Tools That Speed Up the Process

You can build a home inventory with nothing more than a spreadsheet and your phone’s camera. The nonprofit United Policyholders offers a free home inventory spreadsheet template that’s organized by room and item category, which works well if you prefer a straightforward, no-frills approach.

If you want something more automated, several apps are designed specifically for this task. Bevel, created after the 2025 Los Angeles fires, uses AI to scan photos or videos of your home and automatically generate an itemized list. It’s the fastest option for getting a first draft of your inventory, though its price estimates can be inaccurate, so you’ll want to review and correct values manually. InventAI takes a different approach, letting you add items one at a time using voice entries through your phone’s microphone, which is useful if you’d rather talk through your inventory than type. HouseBook is a solid non-AI option for people who want manual control over every entry.

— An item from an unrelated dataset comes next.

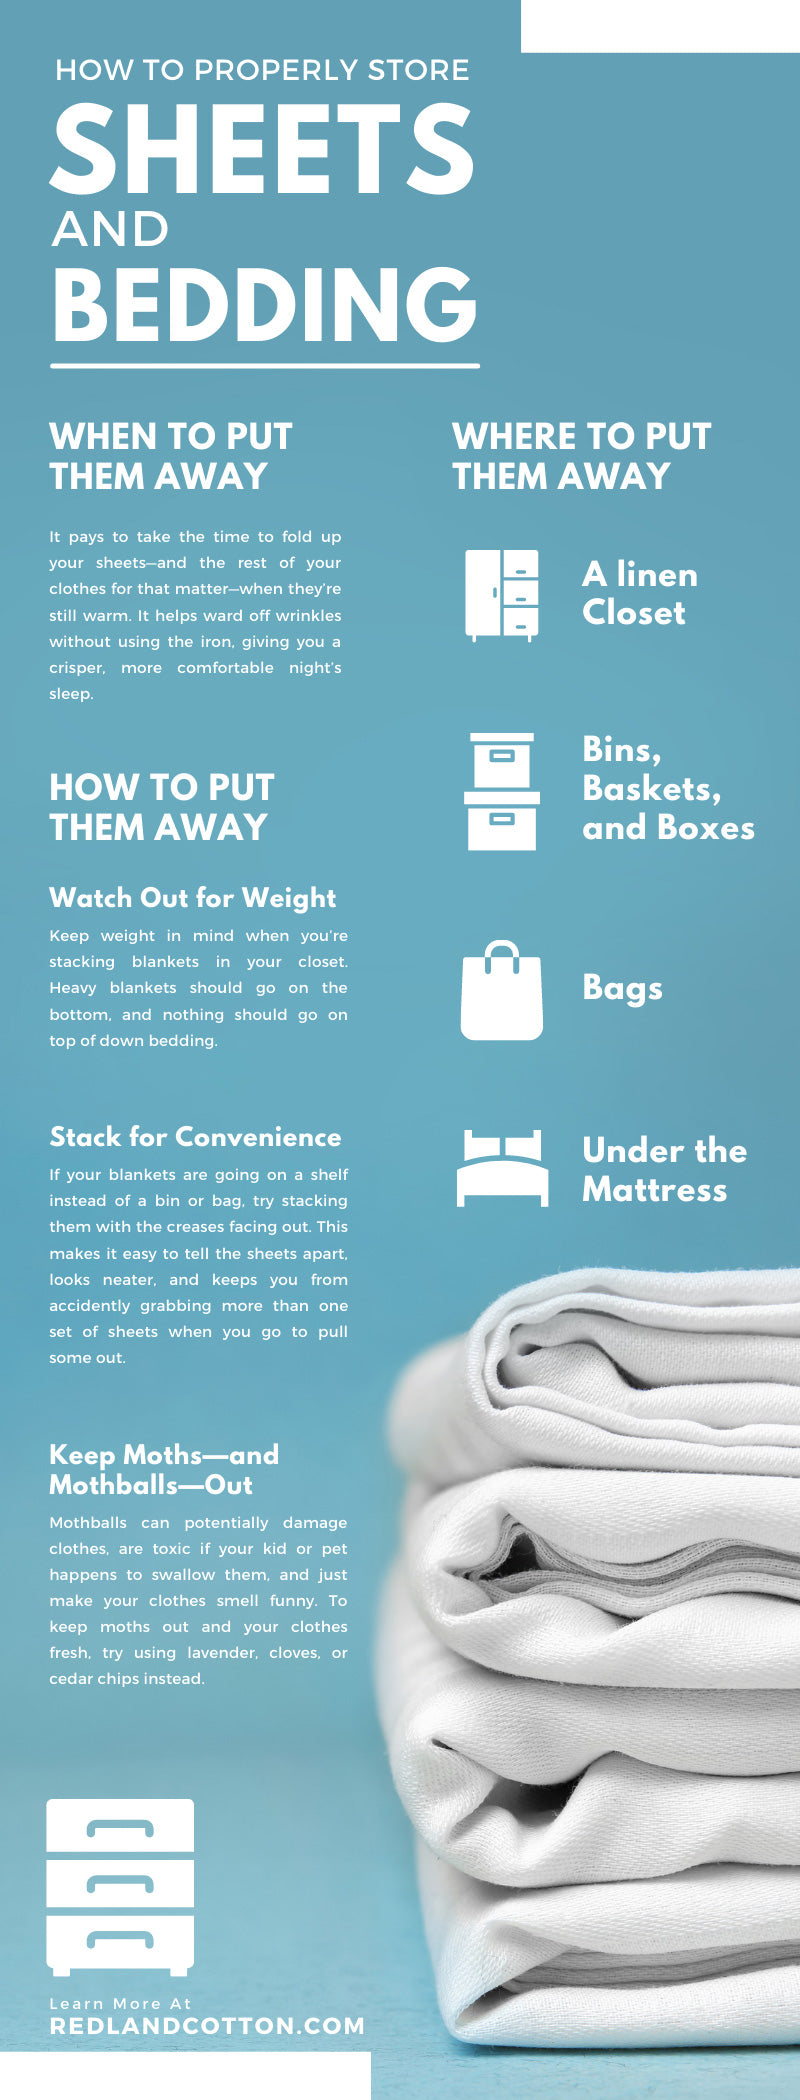 How To Properly Store Sheets and Bedding

Whichever method you choose, store your inventory somewhere outside your home. A fire that destroys your belongings will also destroy an inventory stored on a laptop in your living room. Cloud storage, a secure email to yourself, or a copy kept at a relative’s house all work.

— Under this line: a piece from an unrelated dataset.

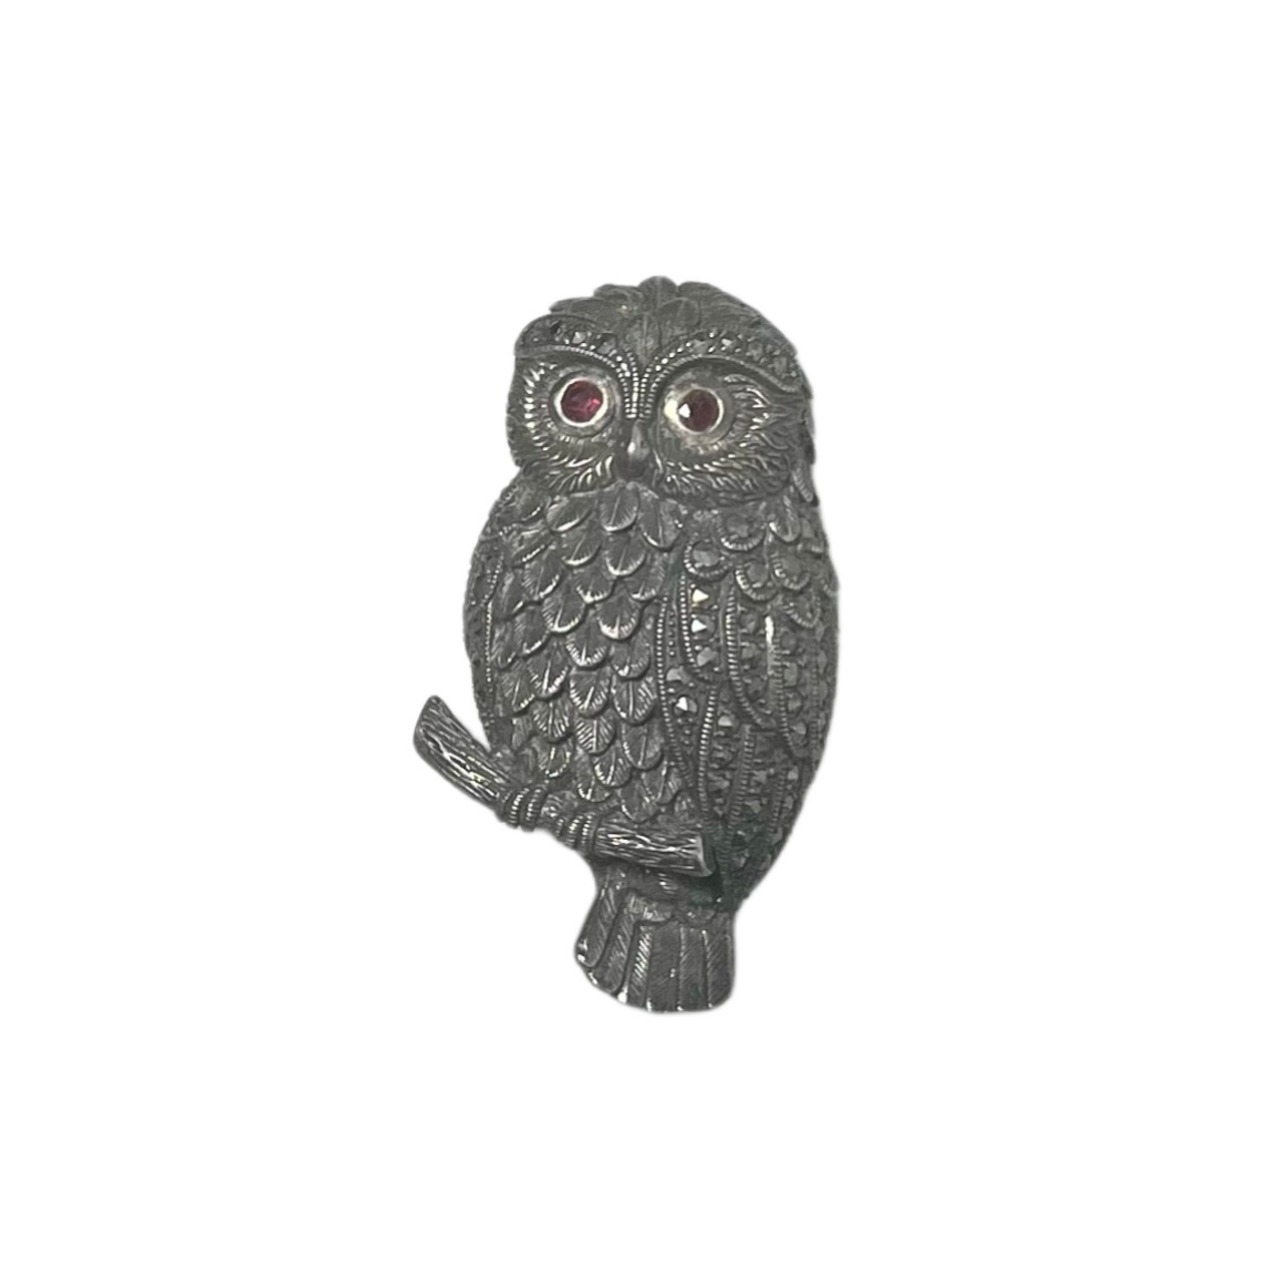 ROKUZAN silver brooch “owl” set with ruby & marcasite

Why High-Value Items Need Extra Attention

Most homeowners policies set sublimits on certain categories of personal property. A sublimit caps what your insurer will pay for items in that category, regardless of your overall coverage amount. Common sublimit categories include jewelry, firearms, art and collectibles, furs, silverware, cash, and property used for business.

These sublimits can be surprisingly low. If your engagement ring is worth $6,000 but your policy’s jewelry sublimit is $2,500, the insurer will only pay up to $2,500 minus your deductible, leaving you thousands of dollars short. This is why identifying high-value items during your inventory matters so much. It’s your chance to spot gaps before you need to file a claim.

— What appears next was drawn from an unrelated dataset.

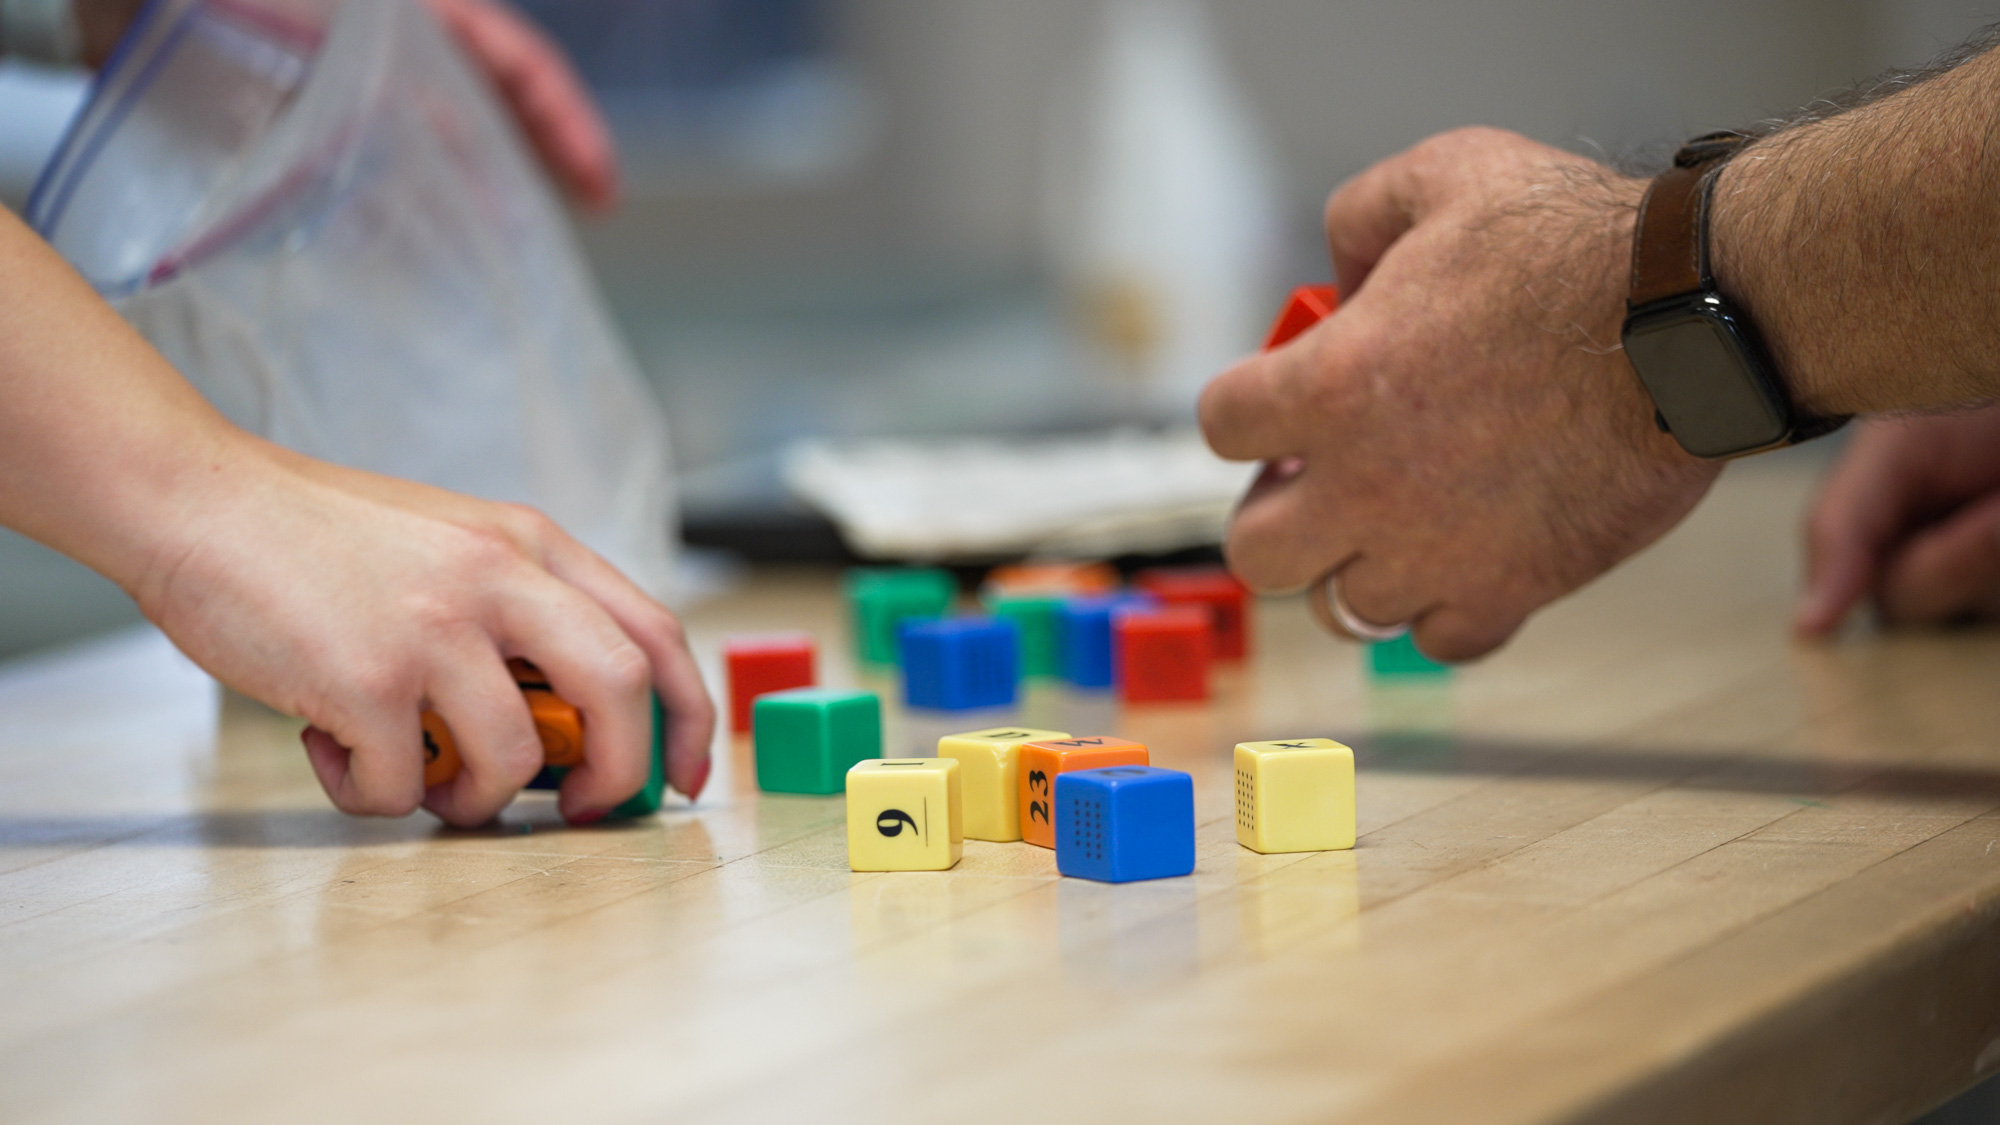 patient picking up colorful blocks

To cover an item for its full value, you can schedule it on your policy by adding what’s called a rider. Your insurer will likely ask for an appraisal or a detailed description with a clear photo. Scheduling the item raises your premium, but the increase is usually modest compared to the coverage gap it closes. Get appraisals for jewelry, fine art, antiques, and any single item worth more than a few thousand dollars, and keep copies of those appraisals with your inventory.

How Your Policy Type Affects Your List

The way your insurer calculates a payout depends on whether you have actual cash value (ACV) or replacement cost value (RCV) coverage, and this should shape how you build your inventory.

With actual cash value coverage, the insurer pays what your item was worth at the time of the loss, factoring in depreciation from age and wear. A five-year-old laptop that cost $1,200 new might only be valued at $400. With replacement cost coverage, the insurer pays what it would cost to buy a comparable new item today, so that same laptop claim could pay out $1,200 or more.

If you have ACV coverage, recording the purchase date and original price for each item is especially important because the insurer will use those to calculate depreciation. If you have RCV coverage, documenting the current replacement cost matters more. Either way, having both data points in your inventory gives you the strongest position. When you’re unsure what something would cost to replace, check the current retail price online and note it alongside what you originally paid.

Keeping Your Inventory Current

A home inventory is only useful if it reflects what you actually own. Set a reminder to update it once or twice a year. The easiest trigger is a major purchase: whenever you buy furniture, electronics, appliances, or jewelry, add it to your list right away and save the receipt digitally. During your annual review, also remove items you’ve sold, donated, or thrown away.

Life changes are another good prompt. Moving to a new home, renovating a room, or receiving an inheritance all call for an update. If you’ve added a home office, finished a basement, or furnished a nursery, those rooms and their contents need to be captured. A 15-minute update twice a year keeps your inventory accurate without turning it into a chore.